▶ **Directions**: Directions for the data below: repeat exactly the lines from the one with "Zont v. Zont" through the one with "Extra Large Movie", both included, and omit all pictures.

▶ **Record excerpts**:
╭──
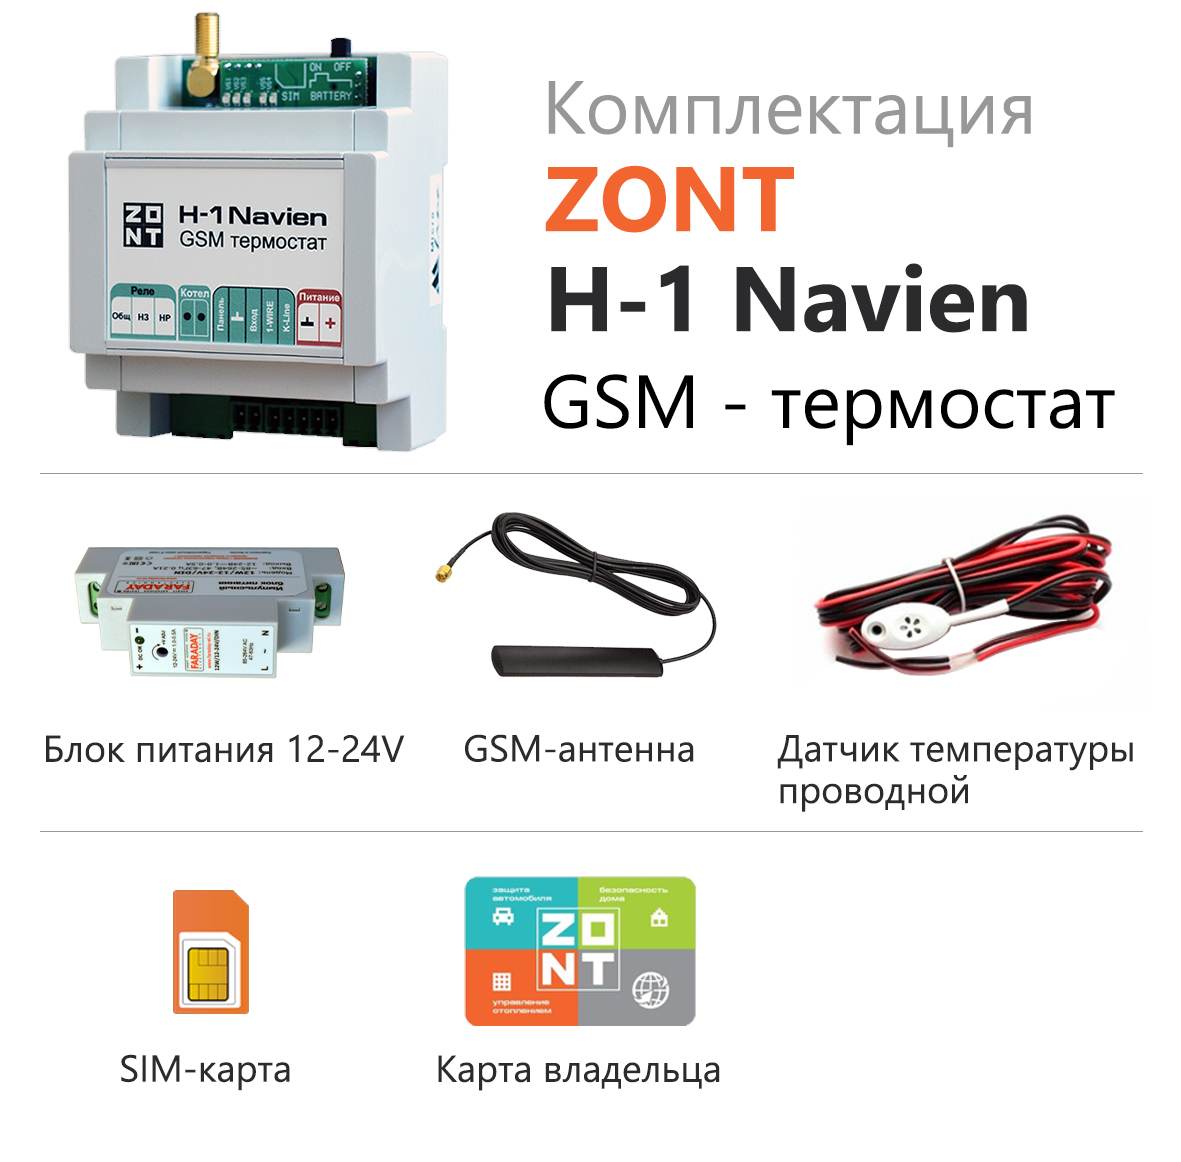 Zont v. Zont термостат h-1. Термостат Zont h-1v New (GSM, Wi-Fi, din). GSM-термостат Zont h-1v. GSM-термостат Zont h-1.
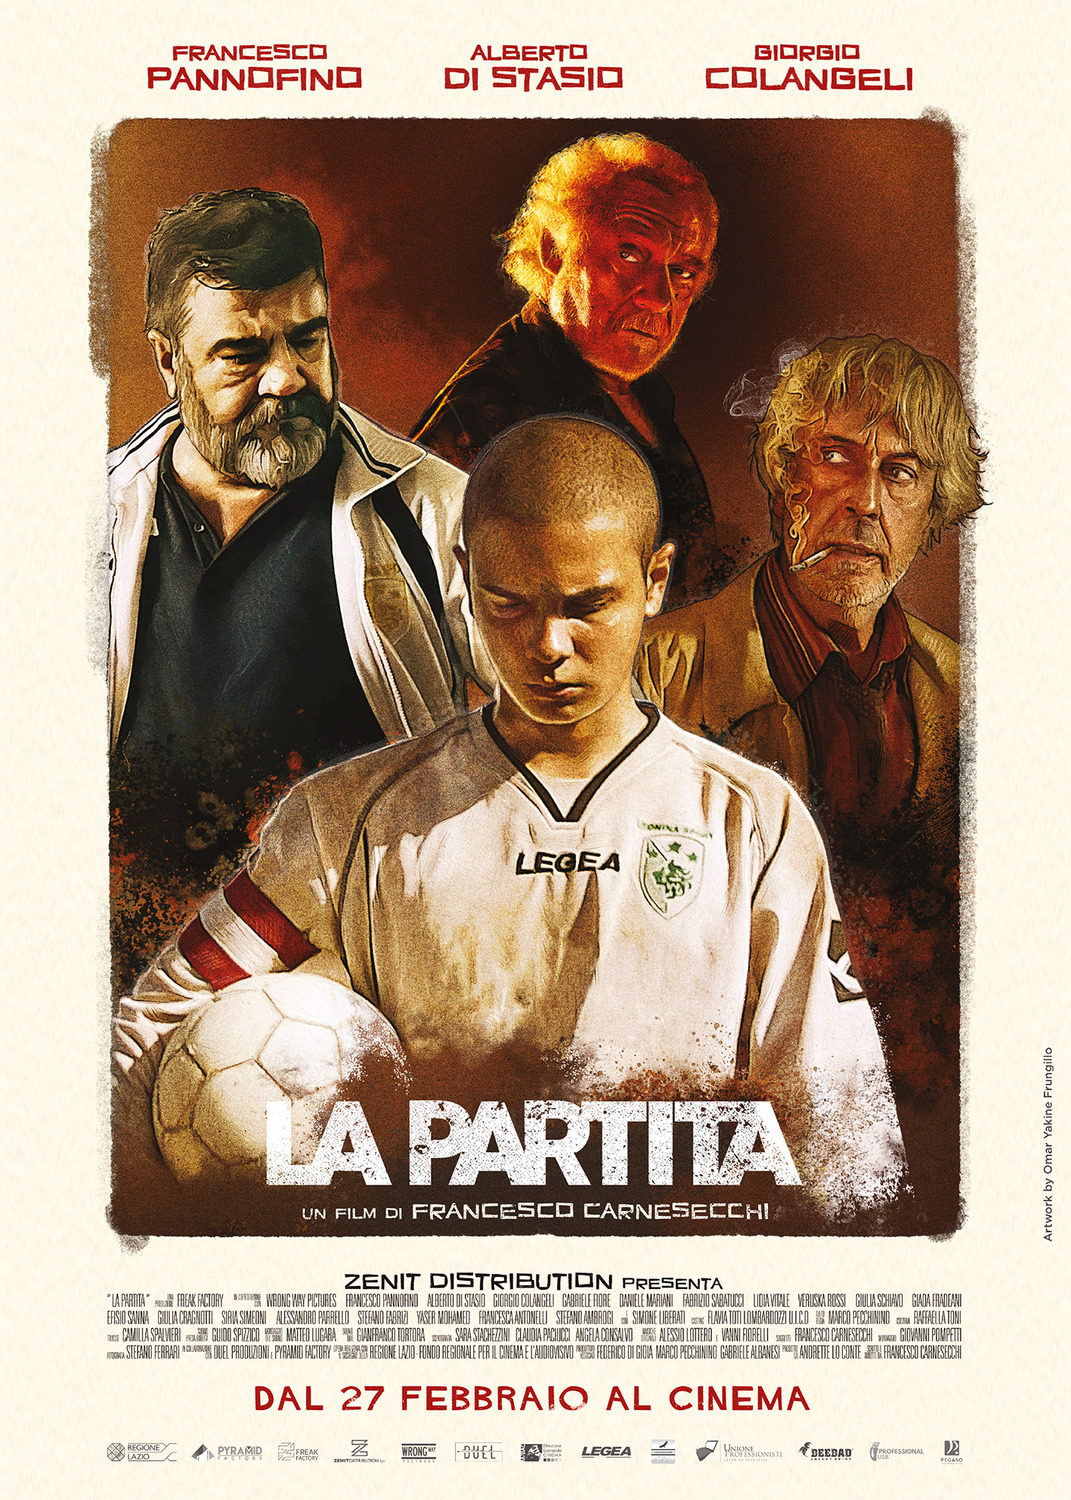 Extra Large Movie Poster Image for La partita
╰──
╭──
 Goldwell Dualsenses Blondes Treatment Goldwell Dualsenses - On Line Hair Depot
╰──
╭──
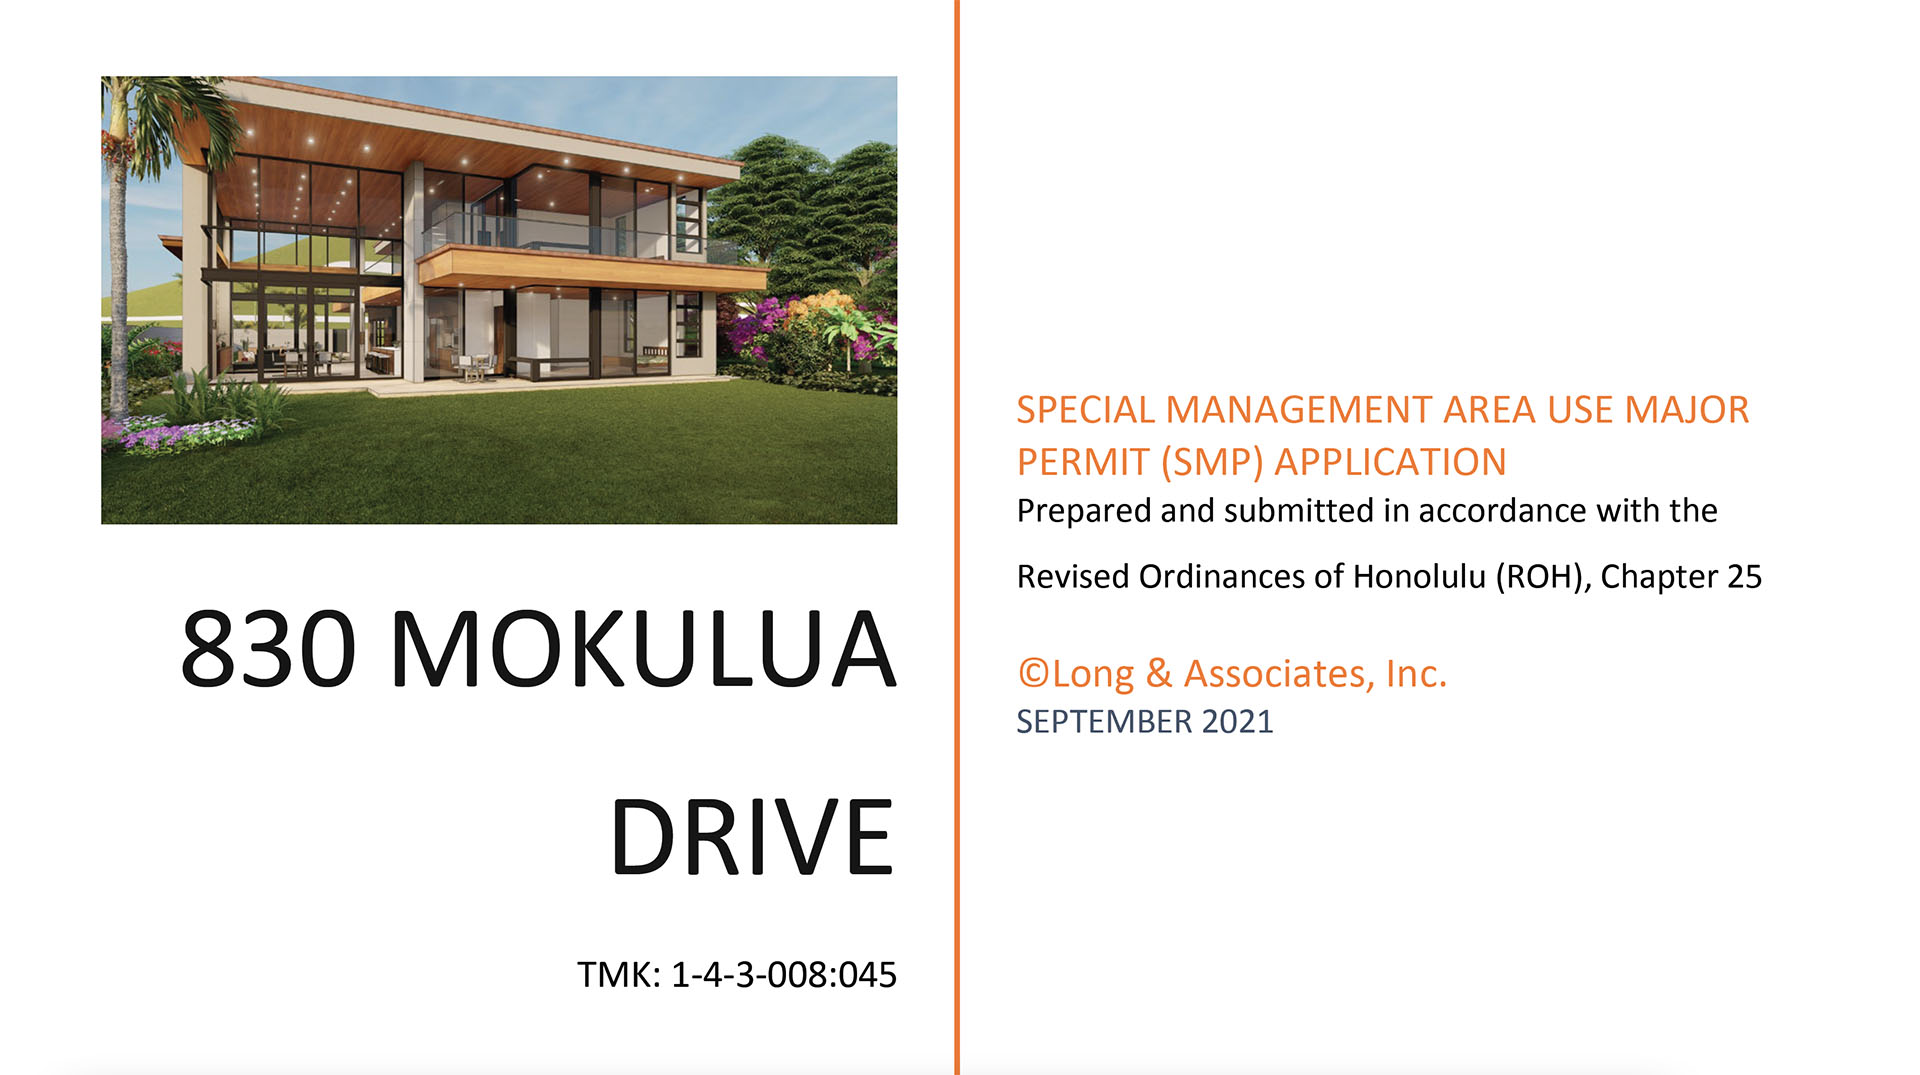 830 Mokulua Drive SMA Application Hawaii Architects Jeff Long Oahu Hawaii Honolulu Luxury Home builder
╰──
▶ **Task result**:
 Zont v. Zont термостат h-1. Термостат Zont h-1v New (GSM, Wi-Fi, din). GSM-термостат Zont h-1v. GSM-термостат Zont h-1.
 Extra Large Movie Poster Image for La partita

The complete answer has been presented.